### Records shown
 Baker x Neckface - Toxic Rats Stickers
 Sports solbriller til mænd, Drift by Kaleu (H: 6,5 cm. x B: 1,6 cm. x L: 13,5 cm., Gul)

* * *

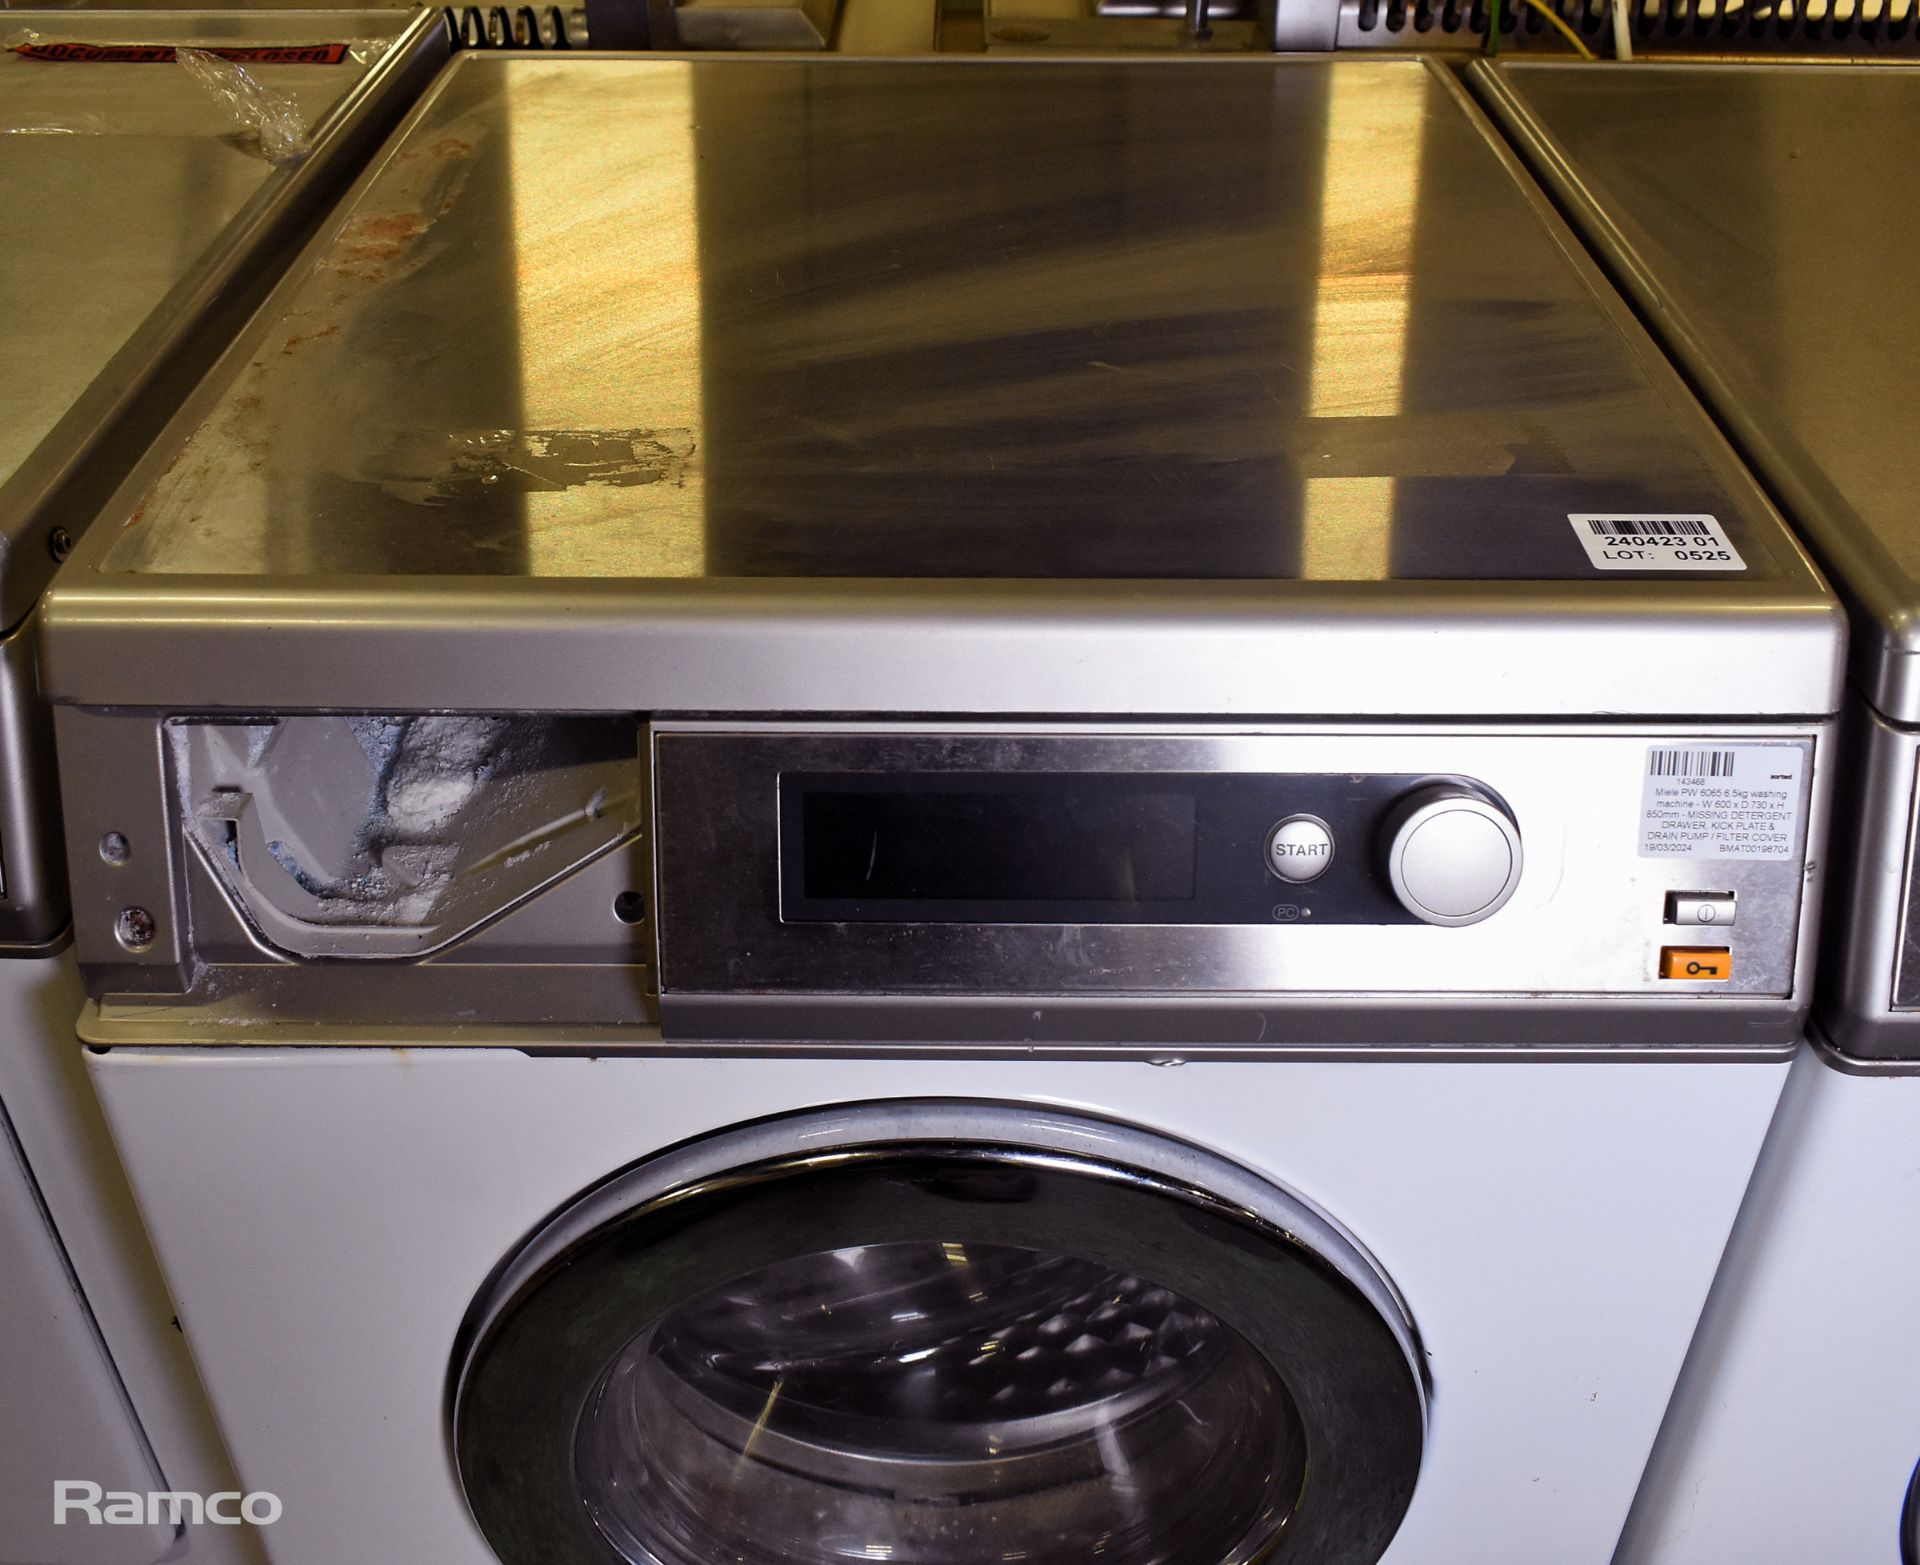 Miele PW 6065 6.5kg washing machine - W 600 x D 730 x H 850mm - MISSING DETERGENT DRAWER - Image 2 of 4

* * *

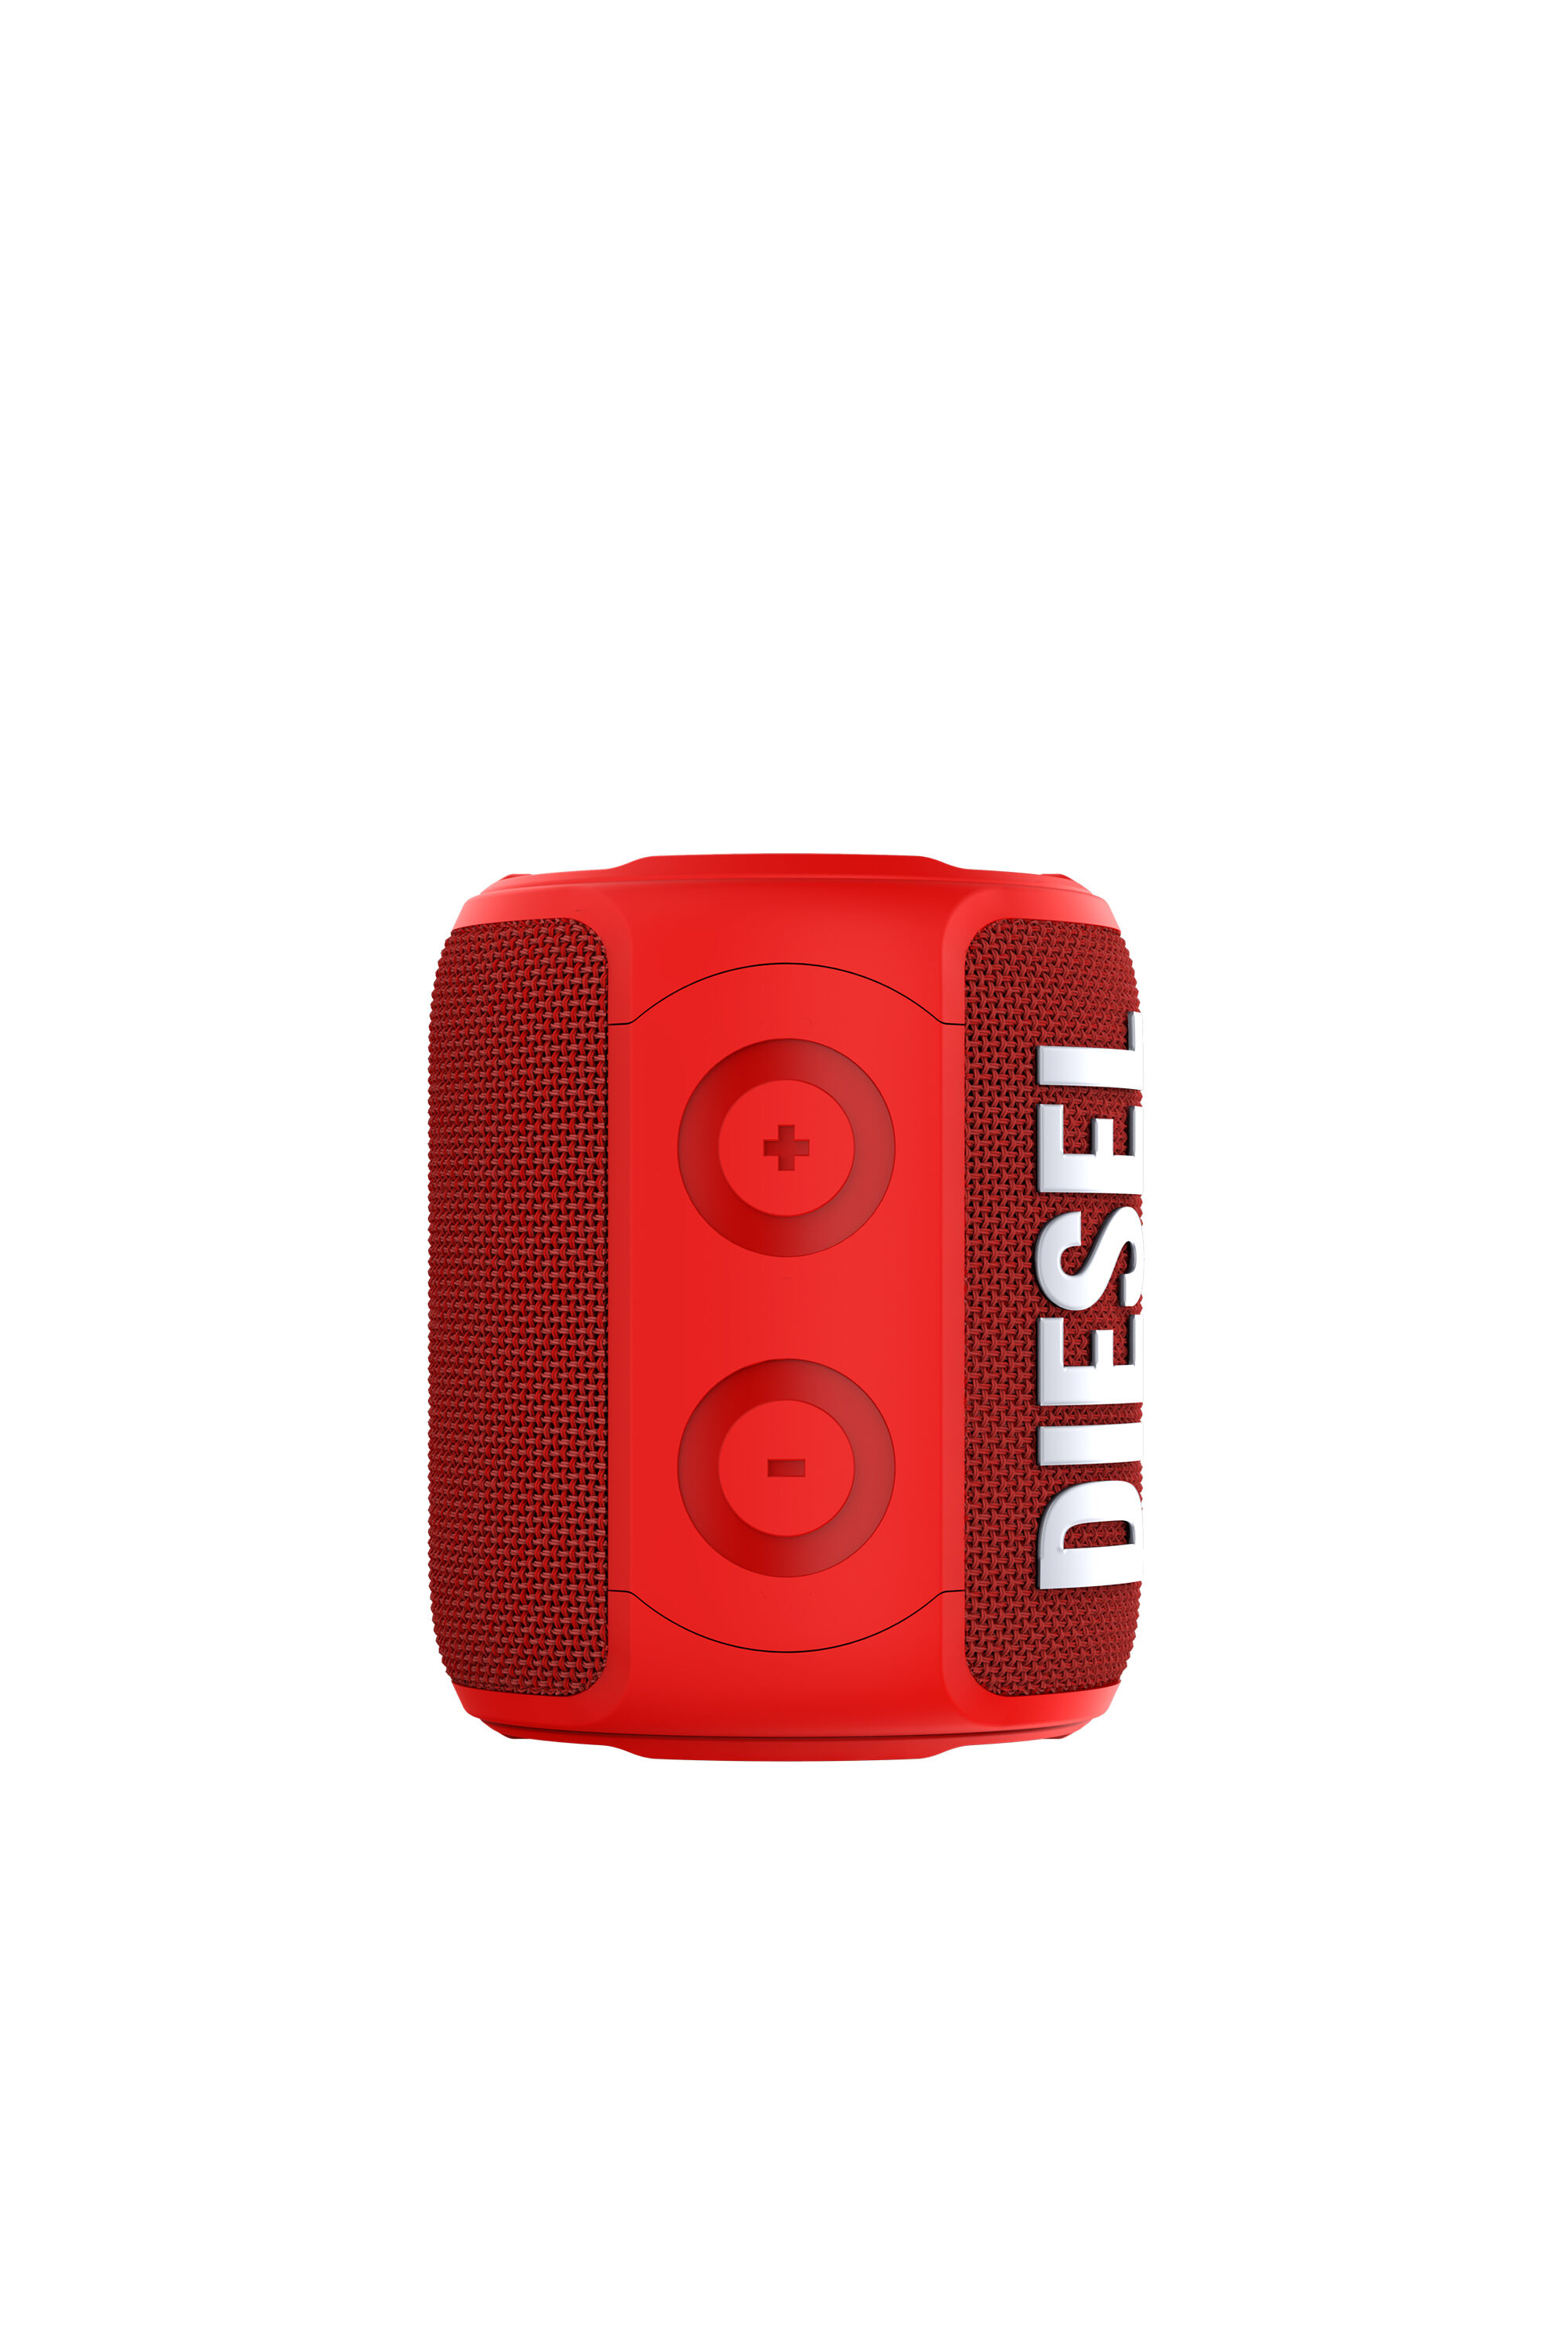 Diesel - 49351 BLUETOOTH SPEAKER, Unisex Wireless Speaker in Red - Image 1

### Exercise description
Repeat, exactly as they stand above, the lines from the line with "Baker x Neckface - Toxic Rats Stickers" to the line with "Sports solbriller til", both lines included.

### Task solution
 Baker x Neckface - Toxic Rats Stickers
 Sports solbriller til mænd, Drift by Kaleu (H: 6,5 cm. x B: 1,6 cm. x L: 13,5 cm., Gul)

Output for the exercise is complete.